Wherever a line holds the word "Image", copy that line from the data.
*** Data to process Section Begins ***
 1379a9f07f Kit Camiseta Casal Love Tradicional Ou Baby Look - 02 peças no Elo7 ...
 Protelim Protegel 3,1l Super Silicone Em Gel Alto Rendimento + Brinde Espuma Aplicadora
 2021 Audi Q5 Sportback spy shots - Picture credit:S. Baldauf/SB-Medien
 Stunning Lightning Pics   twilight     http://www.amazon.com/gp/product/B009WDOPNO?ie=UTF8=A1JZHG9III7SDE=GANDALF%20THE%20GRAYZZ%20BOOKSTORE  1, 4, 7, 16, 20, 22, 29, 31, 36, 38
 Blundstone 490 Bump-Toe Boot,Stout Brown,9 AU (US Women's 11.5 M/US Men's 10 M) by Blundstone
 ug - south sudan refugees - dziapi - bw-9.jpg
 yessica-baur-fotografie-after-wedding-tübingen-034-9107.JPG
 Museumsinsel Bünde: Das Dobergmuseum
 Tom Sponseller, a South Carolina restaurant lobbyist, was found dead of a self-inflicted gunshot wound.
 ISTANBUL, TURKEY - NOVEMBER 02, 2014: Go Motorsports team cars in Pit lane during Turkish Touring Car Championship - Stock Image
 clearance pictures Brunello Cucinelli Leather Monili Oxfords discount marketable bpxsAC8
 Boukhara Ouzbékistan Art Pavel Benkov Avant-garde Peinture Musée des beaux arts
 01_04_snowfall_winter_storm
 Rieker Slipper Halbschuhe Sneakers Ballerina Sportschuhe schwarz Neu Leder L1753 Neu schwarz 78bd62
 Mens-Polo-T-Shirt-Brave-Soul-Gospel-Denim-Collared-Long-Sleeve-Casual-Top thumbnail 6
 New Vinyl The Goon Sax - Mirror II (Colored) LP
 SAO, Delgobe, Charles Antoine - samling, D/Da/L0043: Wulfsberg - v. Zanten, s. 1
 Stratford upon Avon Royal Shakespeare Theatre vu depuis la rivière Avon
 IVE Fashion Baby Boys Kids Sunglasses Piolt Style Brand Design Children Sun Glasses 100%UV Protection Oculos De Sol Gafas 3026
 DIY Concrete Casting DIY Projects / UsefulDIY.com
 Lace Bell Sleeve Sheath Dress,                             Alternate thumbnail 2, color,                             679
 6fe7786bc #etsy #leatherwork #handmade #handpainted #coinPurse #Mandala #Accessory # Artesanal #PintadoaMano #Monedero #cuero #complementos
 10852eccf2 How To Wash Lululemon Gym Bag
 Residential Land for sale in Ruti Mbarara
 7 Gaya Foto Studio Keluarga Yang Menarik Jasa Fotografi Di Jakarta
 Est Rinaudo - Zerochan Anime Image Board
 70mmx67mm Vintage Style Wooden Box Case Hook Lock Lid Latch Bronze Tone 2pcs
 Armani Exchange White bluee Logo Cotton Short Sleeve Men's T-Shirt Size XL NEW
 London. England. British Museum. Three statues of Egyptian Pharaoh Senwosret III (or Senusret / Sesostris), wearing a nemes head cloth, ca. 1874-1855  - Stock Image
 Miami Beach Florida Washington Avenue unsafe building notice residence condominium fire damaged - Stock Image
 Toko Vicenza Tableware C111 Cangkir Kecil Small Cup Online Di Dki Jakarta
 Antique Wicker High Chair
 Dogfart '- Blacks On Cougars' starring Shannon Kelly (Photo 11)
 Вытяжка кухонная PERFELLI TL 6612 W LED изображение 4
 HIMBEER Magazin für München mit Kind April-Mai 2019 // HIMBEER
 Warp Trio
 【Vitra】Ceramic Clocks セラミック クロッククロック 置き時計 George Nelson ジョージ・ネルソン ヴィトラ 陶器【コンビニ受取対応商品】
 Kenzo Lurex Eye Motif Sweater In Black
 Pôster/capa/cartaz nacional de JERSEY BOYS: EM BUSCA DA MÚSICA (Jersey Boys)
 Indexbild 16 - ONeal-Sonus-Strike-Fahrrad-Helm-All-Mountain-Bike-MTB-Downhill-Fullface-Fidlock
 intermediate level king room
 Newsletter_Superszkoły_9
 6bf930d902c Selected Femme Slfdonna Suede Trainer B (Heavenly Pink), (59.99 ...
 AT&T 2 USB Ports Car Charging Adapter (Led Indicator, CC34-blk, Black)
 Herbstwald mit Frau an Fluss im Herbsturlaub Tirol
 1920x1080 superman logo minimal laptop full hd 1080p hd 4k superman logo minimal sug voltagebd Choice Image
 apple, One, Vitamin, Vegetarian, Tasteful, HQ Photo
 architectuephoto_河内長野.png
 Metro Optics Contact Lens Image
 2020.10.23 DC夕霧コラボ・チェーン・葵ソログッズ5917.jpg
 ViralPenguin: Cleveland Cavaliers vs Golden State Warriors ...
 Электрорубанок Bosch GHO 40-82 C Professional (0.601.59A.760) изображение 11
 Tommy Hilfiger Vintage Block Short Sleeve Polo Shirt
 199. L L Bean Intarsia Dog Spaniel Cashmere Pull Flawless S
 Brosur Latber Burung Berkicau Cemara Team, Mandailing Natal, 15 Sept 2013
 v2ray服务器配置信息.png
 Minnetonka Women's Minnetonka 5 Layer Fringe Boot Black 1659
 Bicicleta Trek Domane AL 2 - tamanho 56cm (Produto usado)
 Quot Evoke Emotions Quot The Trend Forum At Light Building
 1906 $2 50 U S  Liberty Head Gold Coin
*** Data to process Section Ends ***
• [Output below]
 ISTANBUL, TURKEY - NOVEMBER 02, 2014: Go Motorsports team cars in Pit lane during Turkish Touring Car Championship - Stock Image
 Est Rinaudo - Zerochan Anime Image Board
 London. England. British Museum. Three statues of Egyptian Pharaoh Senwosret III (or Senusret / Sesostris), wearing a nemes head cloth, ca. 1874-1855  - Stock Image
 Miami Beach Florida Washington Avenue unsafe building notice residence condominium fire damaged - Stock Image
 1920x1080 superman logo minimal laptop full hd 1080p hd 4k superman logo minimal sug voltagebd Choice Image
 Metro Optics Contact Lens Image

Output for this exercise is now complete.